COMPLEATTHOUGHT.COM – Niat untuk menjalankan ibadah puasa di bulan suci ramadan menjadi syarat wajib yang harus dipenuhi oleh umat muslim.
Dalam pelaksanaannya, niat puasa di bulan suci ramadan sedikit berbeda dengan puasa sunnah.
Pasalnya, Dalam puasa wajib seperti puasa Ramadan, qada, dan nazar, seseorang harus berniat di malam hari sebelum terbit fajar.
Berbeda halnya puasa sunnah, yang lebih longgar, seseorang boleh baru berniat di siang harinya.

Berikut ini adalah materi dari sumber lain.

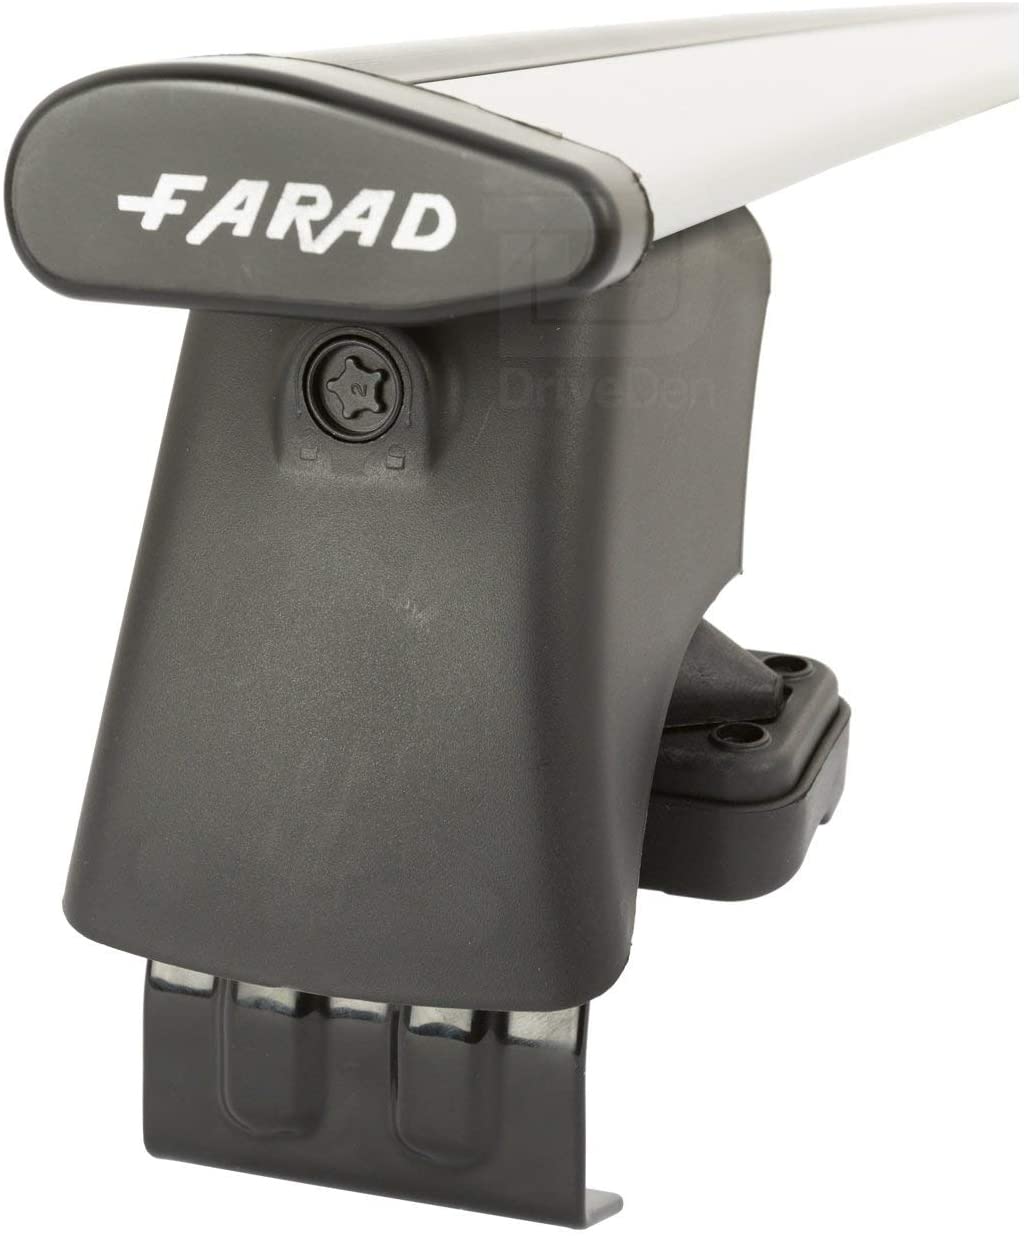 FARAD-Kit H2 per barre portatutto - Audi A8 2002-2009 (senza corrimano)

Para ulama juga memberikan pendapat terkait waktu untuk membaca niat puasa di bulan ramadan.
Dalam Mazhab Syafi’i, niat puasa harus dilakukan setiap hari pada malam Ramadhan. Syekh Sulaiman Al-Bujairimi dalam karyanya, Hasyiyatul Iqna’, menjelaskan sebagai berikut:
“Disyaratkan berniat di malam hari bagi puasa wajib seperti puasa Ramadhan, puasa qadha, atau puasa nadzar. Ini berdasarkan hadis Rasulullah SAW, ‘Siapa yang tidak berniat di malam hari sebelum fajar, maka tiada puasa baginya.’ Karenanya, harus niat puasa di setiap hari (bulan Ramadan) jika melihat redaksi zahir hadits.” (Sulaiman Al-Bujairimi, Hasyiyatul Iqna’, juz 2)
Sedangkan menurut Mazhab Maliki, umat muslim cukup untuk membaca niat puasa ramadan sekali untuk mencakup satu bulan penuh, yaitu pada malam pertama puasa ramadan.
Hal ini dikarenakan puasa Ramadan itu merupakan satu kesatuan ibadah (seperti yang dijelaskan oleh Yusuf Al-Qaradlawi, Fiqh al-Shiyam, hal. 84).
Namun pada umumya, di Indonesia biasanya umat muslim membaca niat puasa ramadan ini setiap hari selepas selesai melaksanakan sholat sunnah tarawih.
Berikut Bacaan Niat Puasa Ramadan:
نَوَيْتُ صَوْمَ غَدٍ عَنْ أَدَاءِ فَرْضِ شَهْرِ رَمَضَانَ هَذِهِ السَّنَةِ لِلّٰهِ تَعَالَى
Nawaitu shauma ghadin ‘an ada’i fardhi syahri Ramadhana hadzihis sanati lillahi ta’ala.
Artinya: “Aku niat berpuasa esok hari untuk menunaikan kewajiban puasa bulan Ramadhan tahun ini, karena Allah Ta’ala”
Sementara niat puasa untuk satu bulan penuh, sebagai berikut:
نَوَيْتُ صَوْمَ جَمِيْعِ شَهْرِ رَمَضَانِ هٰذِهِ السَّنَةِ فَرْضًا لِلّٰهِ تَعَالَى
Nawaitu shauma jami’i syahri ramadhani hadzihis sanati fardhan lillahi ta’ala.
Artinya: “Aku niat berpuasa di sepanjang bulan Ramadhan tahun ini dengan mengikuti pendapat Imam Malik, wajib karena Allah Ta’ala.”